Amy was a fool, he thought, but so was he.
She couldn’t love him. She shouldn’t. He could never be hers. No matter how complex his feelings were, he could never be biological like her. He was artificial, a machine. A weapon. A tool.
A lie.
Something that can only cause pain wherever it goes. Something someone as lovely as her should steer clear away from, lest she was to get hurt. And Chaos forbid she was hurt. Metal knew these things, he couldn’t forget anything in this body, he wasn’t able to.

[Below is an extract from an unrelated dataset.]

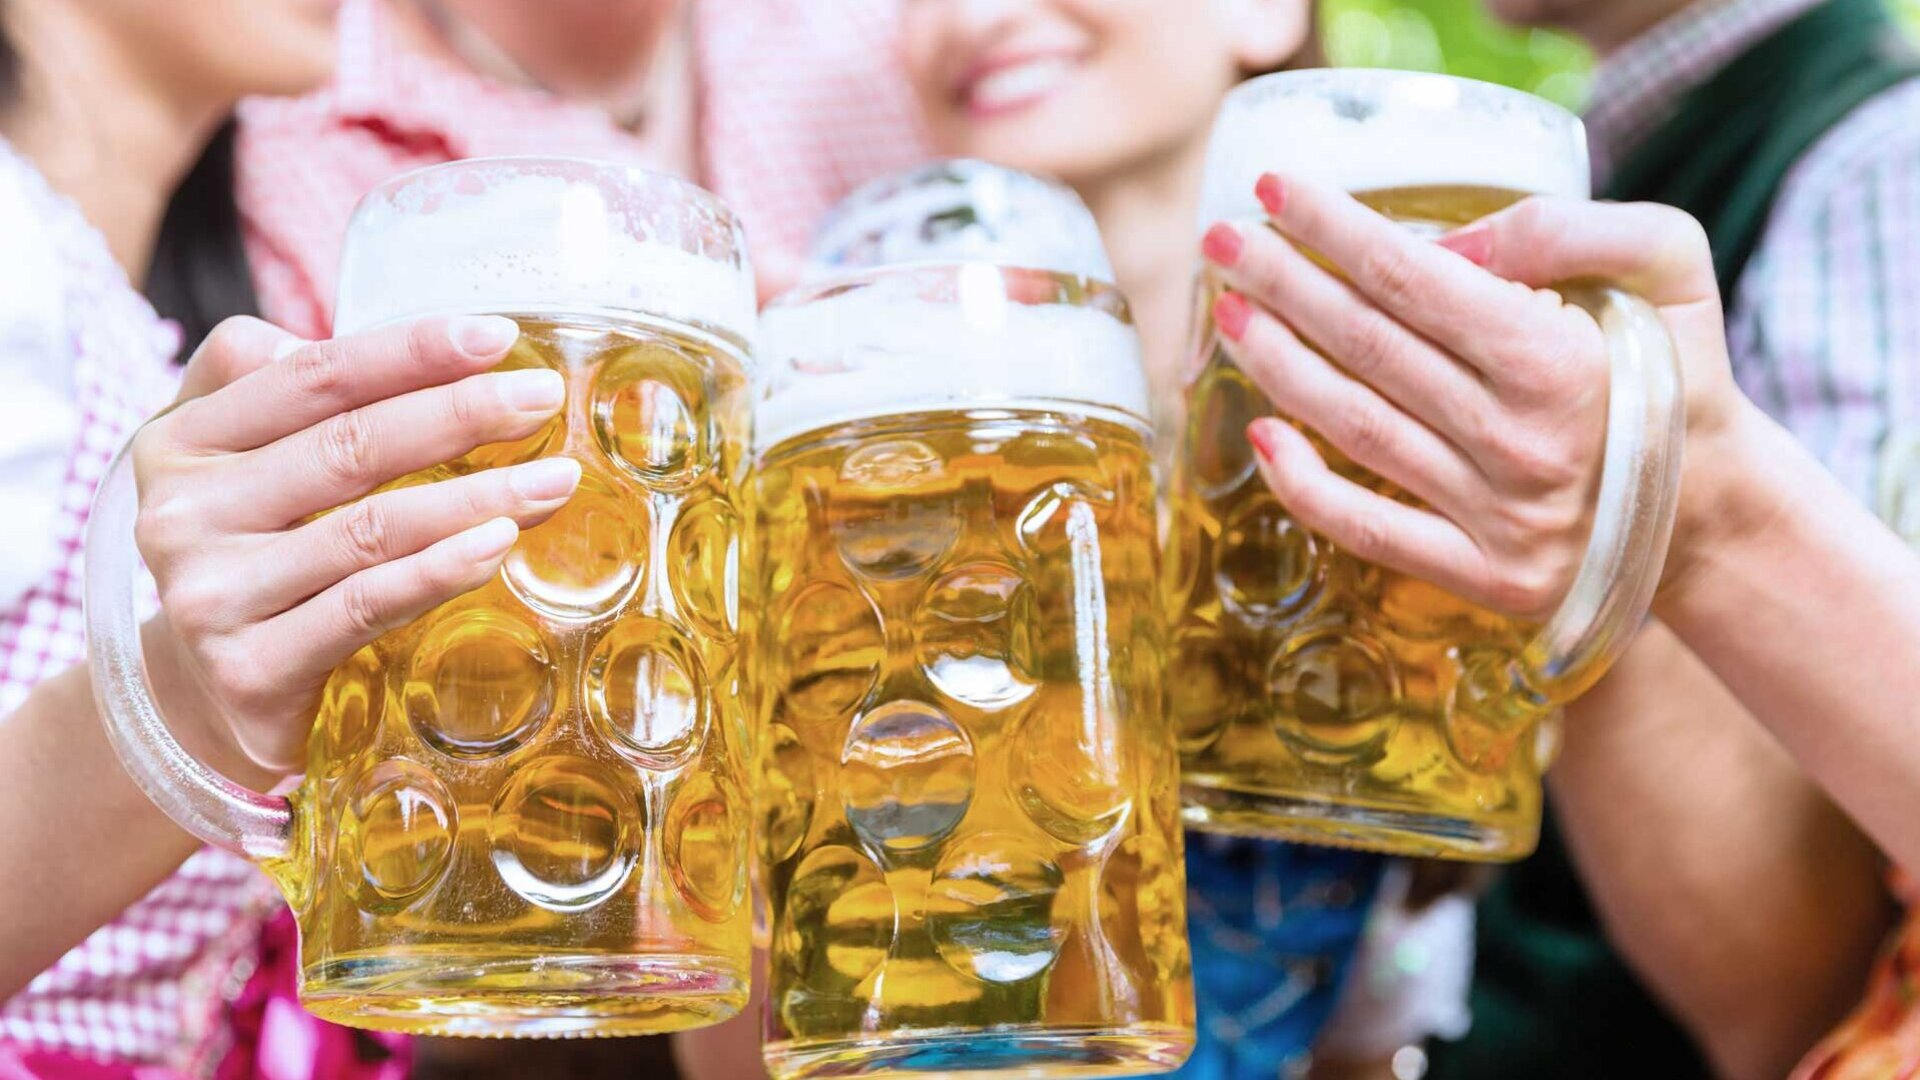 清洁眼镜保持良好的啤酒乐趣 - 没有问题归功于MEIKO

He knew they could never be together.
So why, then, was he sobbing as Amy clutched him tight, as she told him she loved him, not giving a damn his hands were cutting into her as she whimpered into his chest? Why did she have to feel the same way about a monster like him? Why did he cup her face when she leaned in for a kiss?
Metal didn’t know why he felt some things, but he knew how he felt well enough.